→ **AIM OF THE EXERCISE**
Output the listing exactly, without its pictures.

→ **DATA**
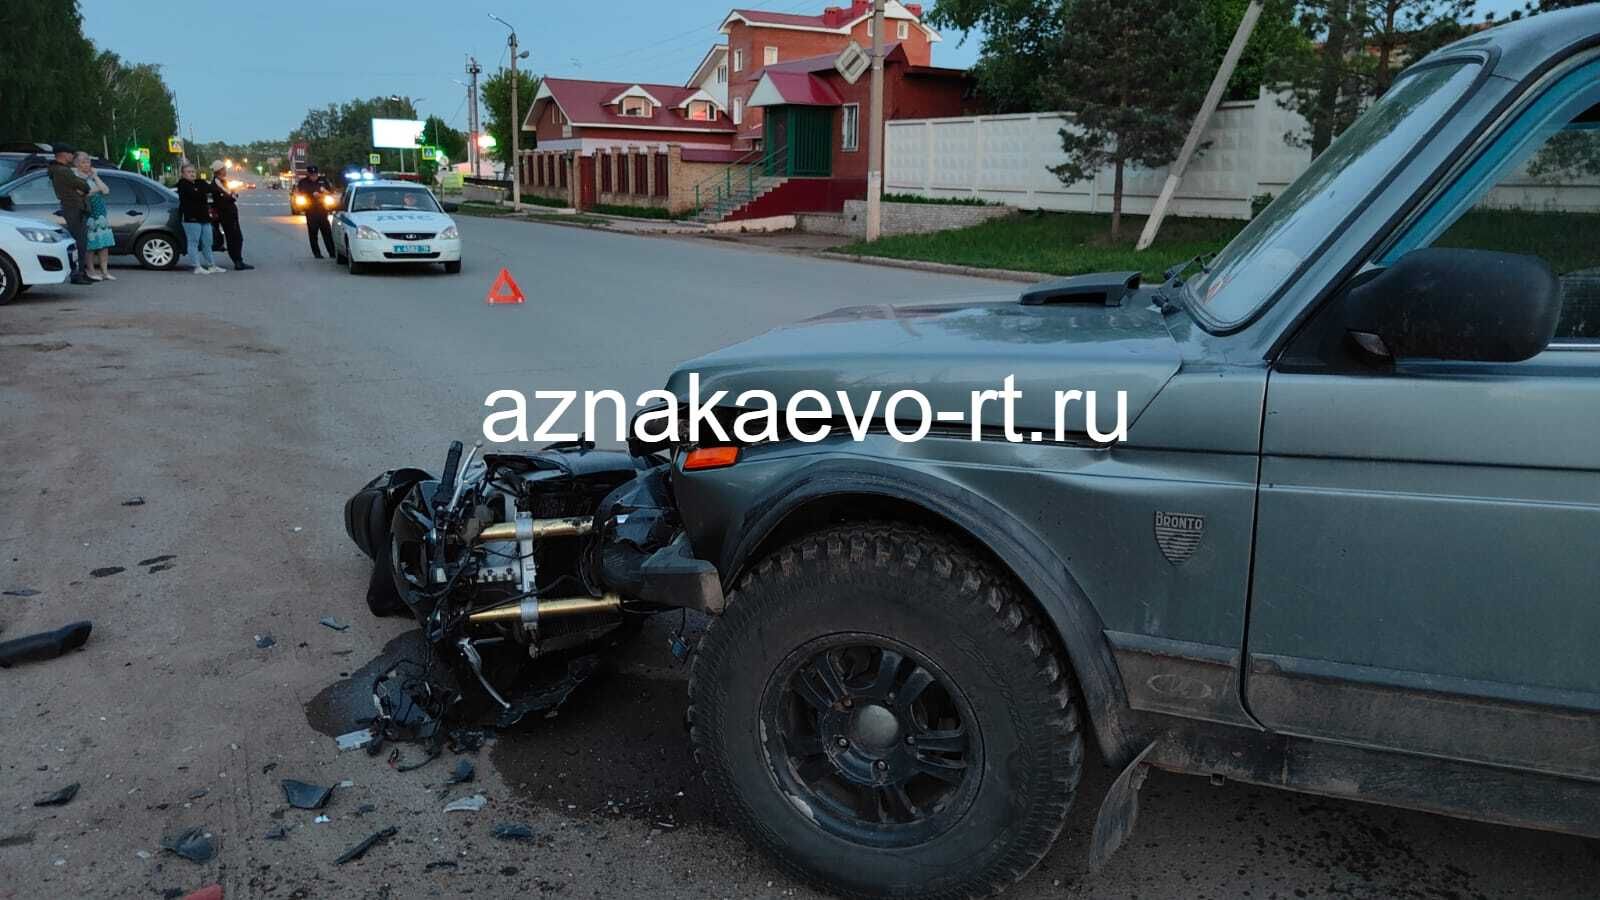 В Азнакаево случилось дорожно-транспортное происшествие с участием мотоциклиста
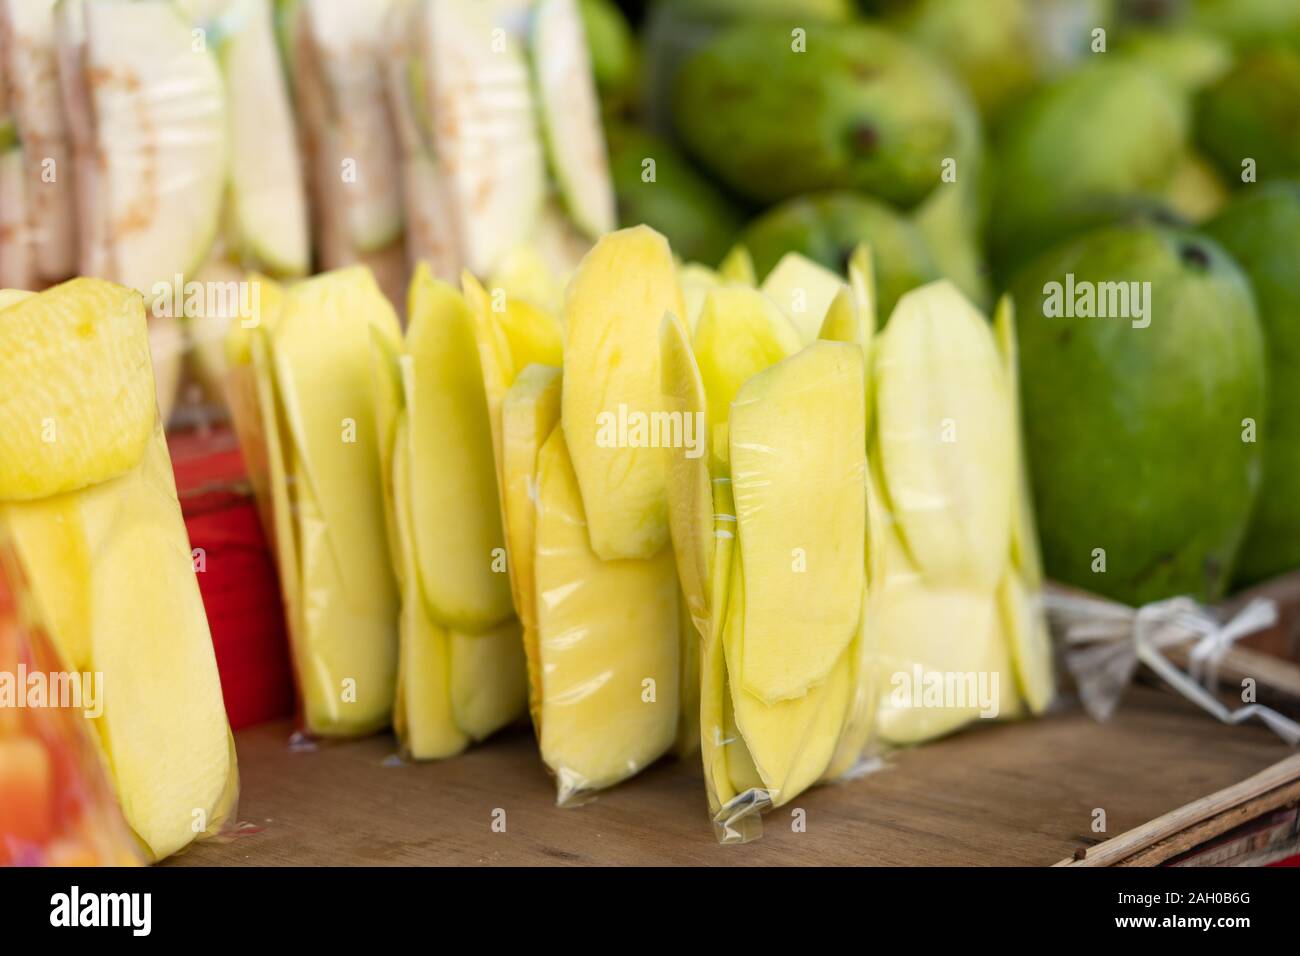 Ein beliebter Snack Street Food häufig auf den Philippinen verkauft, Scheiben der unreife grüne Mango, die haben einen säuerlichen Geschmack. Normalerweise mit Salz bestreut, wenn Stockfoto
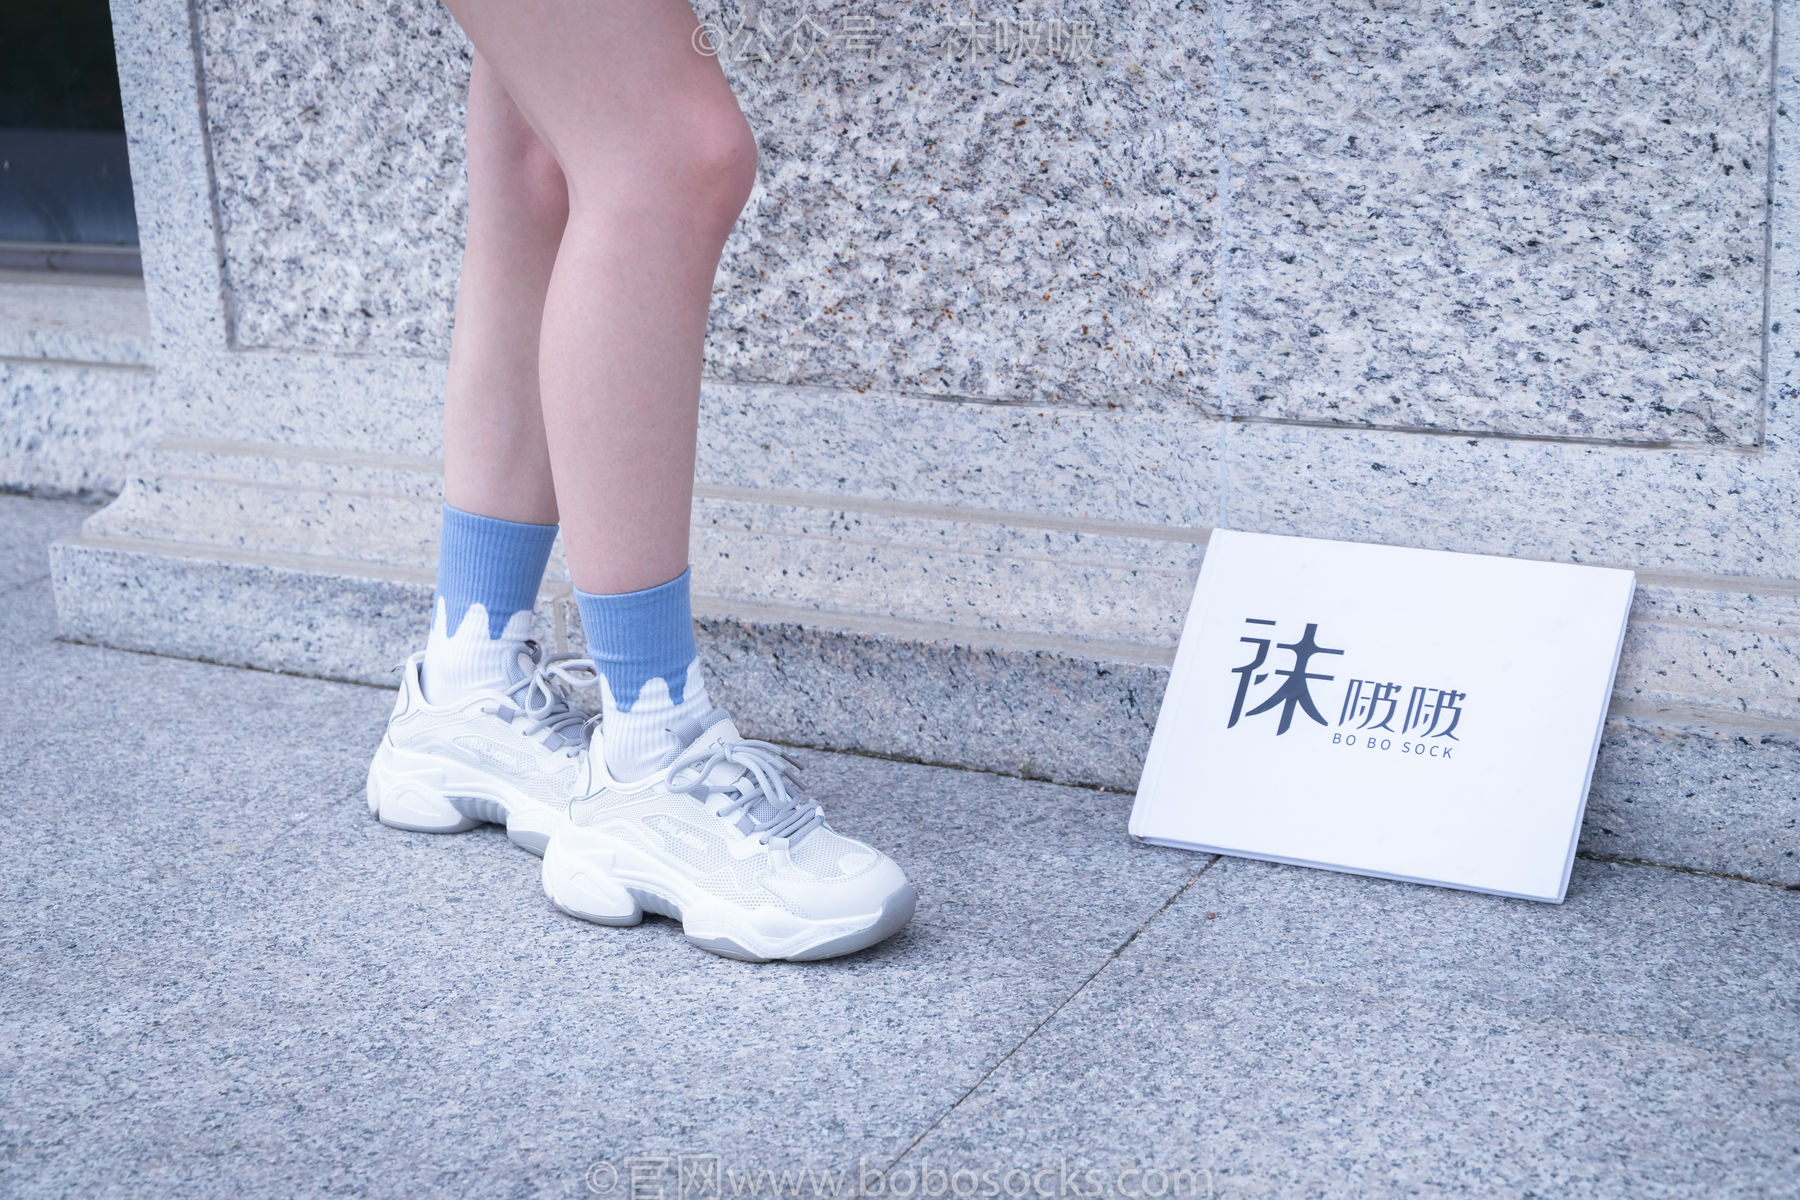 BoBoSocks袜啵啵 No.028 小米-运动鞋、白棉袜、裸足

→ **SOLUTION**
 В Азнакаево случилось дорожно-транспортное происшествие с участием мотоциклиста
 Ein beliebter Snack Street Food häufig auf den Philippinen verkauft, Scheiben der unreife grüne Mango, die haben einen säuerlichen Geschmack. Normalerweise mit Salz bestreut, wenn Stockfoto
 BoBoSocks袜啵啵 No.028 小米-运动鞋、白棉袜、裸足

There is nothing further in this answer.